On National Prescription Drug Take-Back Day, Brown Urges Additional Efforts to Combat Prescription Drug Abuse in Ohio

April 30th Event Provides Nearly Two-Hundred Safe Disposal Take-Back Sites from Cleveland to Cincinnati, Akron to Zanesville

WASHINGTON, D.C. – U.S. Sen. Sherrod Brown (D-OH) today announced that there are 191 sites available throughout Ohio to receive unwanted prescription drugs for safe disposal on National Prescription Drug Take-Back Day on April 30, 2011. The annual event, sponsored by the U.S. Department of Justice (DOJ) and Drug Enforcement Administration (DEA), is aimed at reducing the amount of expired or unused prescription drugs for illegal use.

“Improper disposal of prescription drugs can devastate communities. Too many teenagers can get prescription drugs from the family medicine cabinet or from family and friends who no longer use the medicine they were prescribed,” Brown said. “That’s why National Take-Back Day is important. Prescription pain medications, such as Oxycodone, morphine, and methadone – which are largely responsible for increasing numbers of overdoses and deaths in Ohio – should be disposed of safely.”

A University of Akron Institute for Health and Social Policy study of prescription drug abuse among adolescent arrestees in Ohio suggests a correlation between prescription drug misuse and juvenile detention. According to the National Institute on Drug Abuse, nearly 2 million young people between ages 12 and 17 abused prescription drugs in 2008. Each day, some 2,500 young adults use prescription drugs that have not been prescribed to them.

According to the DOJ and DEA, other participants in this initiative include the Partnership for a Drug-Free America; the International Association of Chiefs of Police; the National Association of Attorneys General; the National Association of Boards of Pharmacy; the Federation of State Medical Boards; and the National District Attorneys Association.

Ohio is second only to Florida in the number of Oxycodone prescriptions filled and Ohio’s death rate due to unintentional drug poisoning increased more than 350 percent from 1999 to 2008. In 2007, unintentional drug poisoning surpassed motor vehicle crashes and suicide as the leading cause of injury death in Ohio for the first time on record. 

Both the Strickland and Kasich Administrations in Ohio have advocated for thorough and comprehensive approaches to combating prescription drug abuse. Governor Strickland established a task force that produced strong recommendations for combating this issue, and Attorney General Mike DeWine has announced several initiatives aimed at cracking down on the “pill mills” that offer easy – and illegal – access to prescription pain medications. 
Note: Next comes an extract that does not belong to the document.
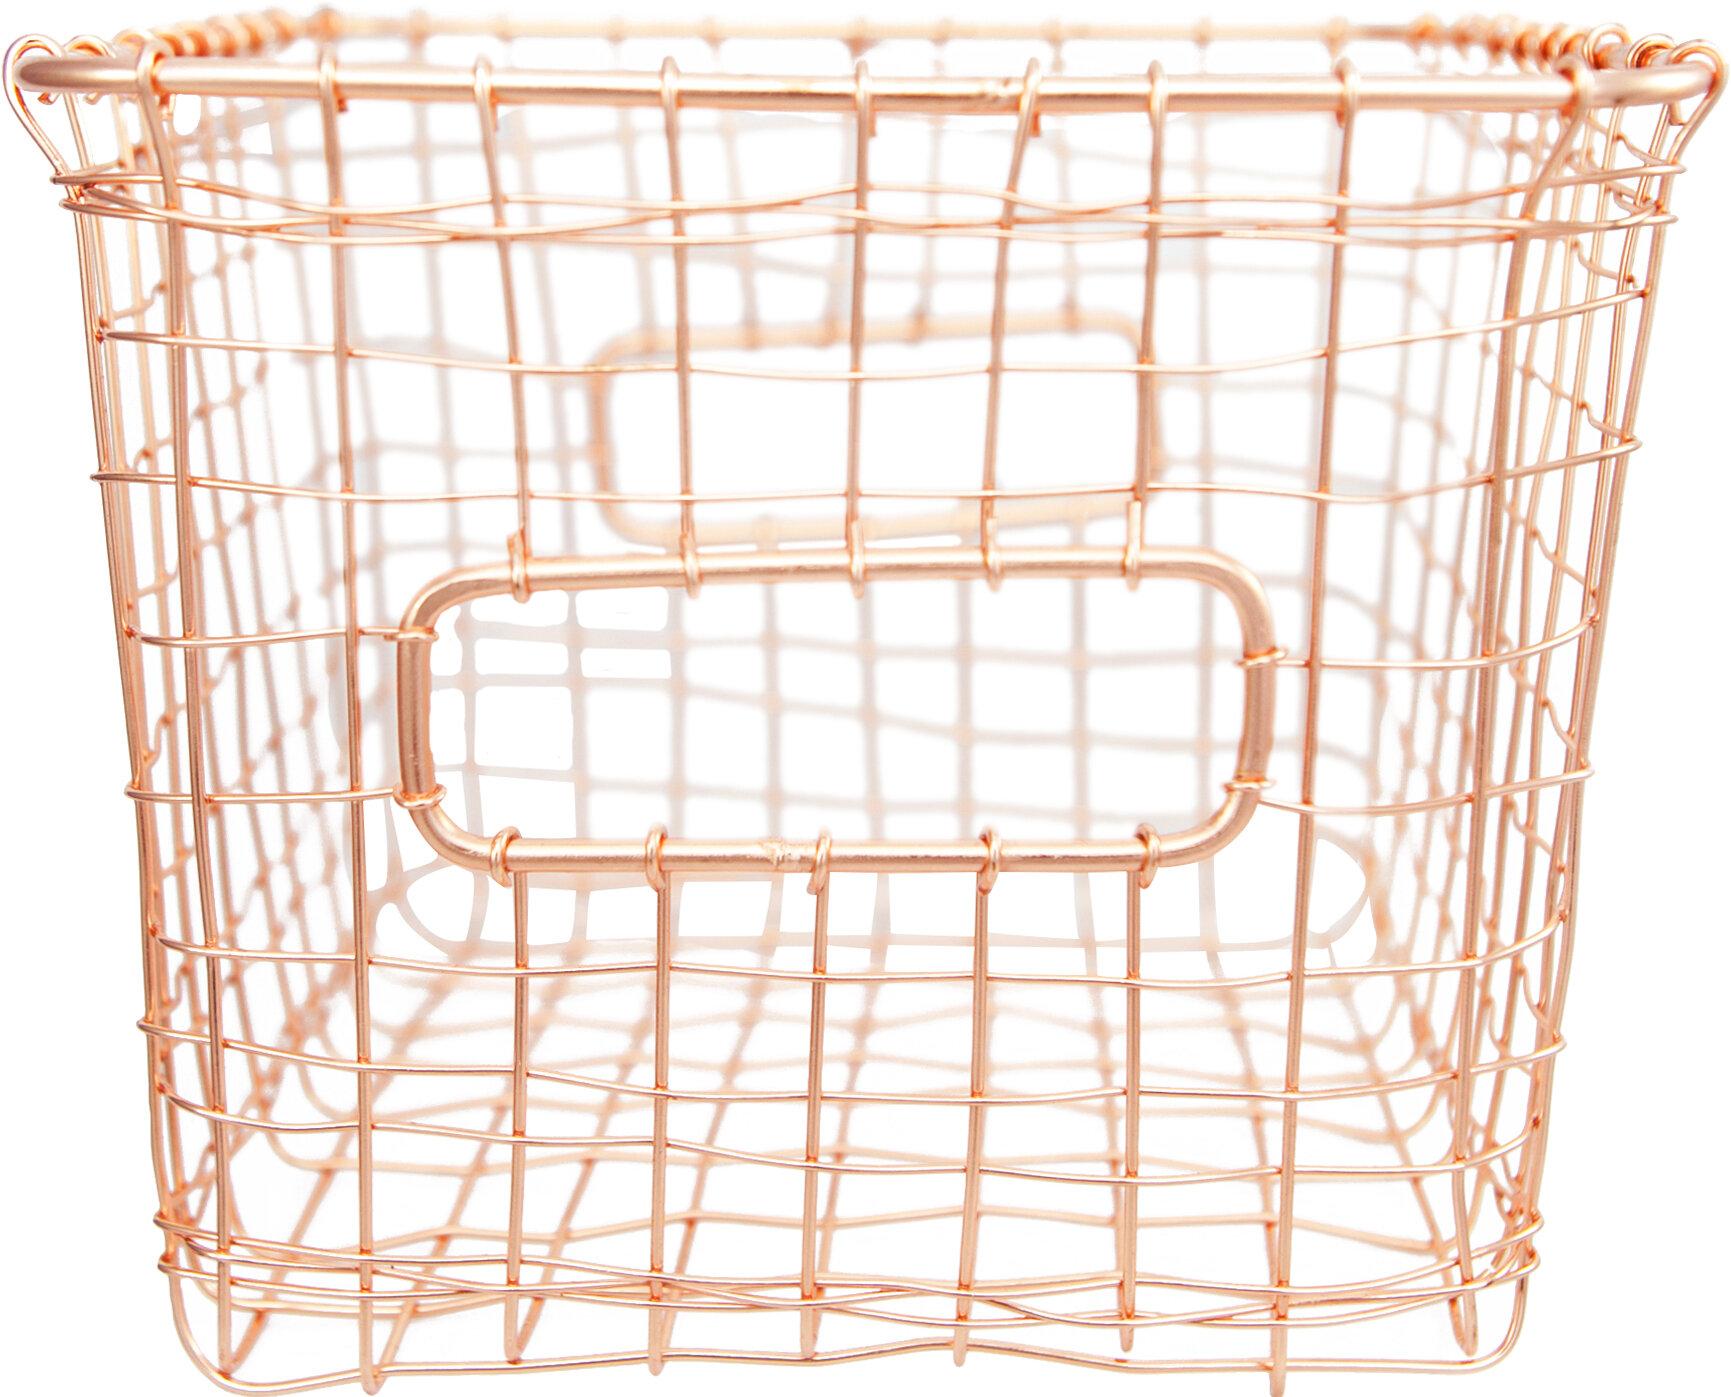 Alchemade Copper Wire Basket & Reviews | Wayfair

Brown is working to combat the growing problem of prescription drug abuse and Medicaid fraud in Ohio on all fronts. Earlier this year, Brown wrote to the Kasich Administration about establishing a Medicaid “lock-in” program, which would enable the Office of Ohio Health Plans to better monitor and control access to prescription drugs that are subject to abuse and trafficking. Brown also wrote to the Drug Enforcement Administration, requesting additional federal efforts in cracking down on “pill mills” across Ohio.

Last year, Brown joined a bipartisan group of Senators in introducing legislation to reauthorize the National All Schedules Prescription Electronic Drug Reporting (NASPER) Act, a prescription drug monitoring program critical to combating the abuse of prescription drugs. Sen. Brown has also joined his colleagues in introducing legislation that would prevent teenagers from gaining access to discarded prescription drugs by permitting individuals and long-term care facilities to deliver unused drugs for safe disposal and by expanding drug “take-back” programs.

Brown’s office convened a first-of-its-kind roundtable in March 2010 that brought together federal officials from the U.S. Department of Justice, Drug Enforcement Administration Centers for Medicare and Medicaid Services, state officials from the Attorney General's office, Department of Health, and Department of Jobs and Family Services, and community leaders to discuss the issue of drug abuse in Southern Ohio.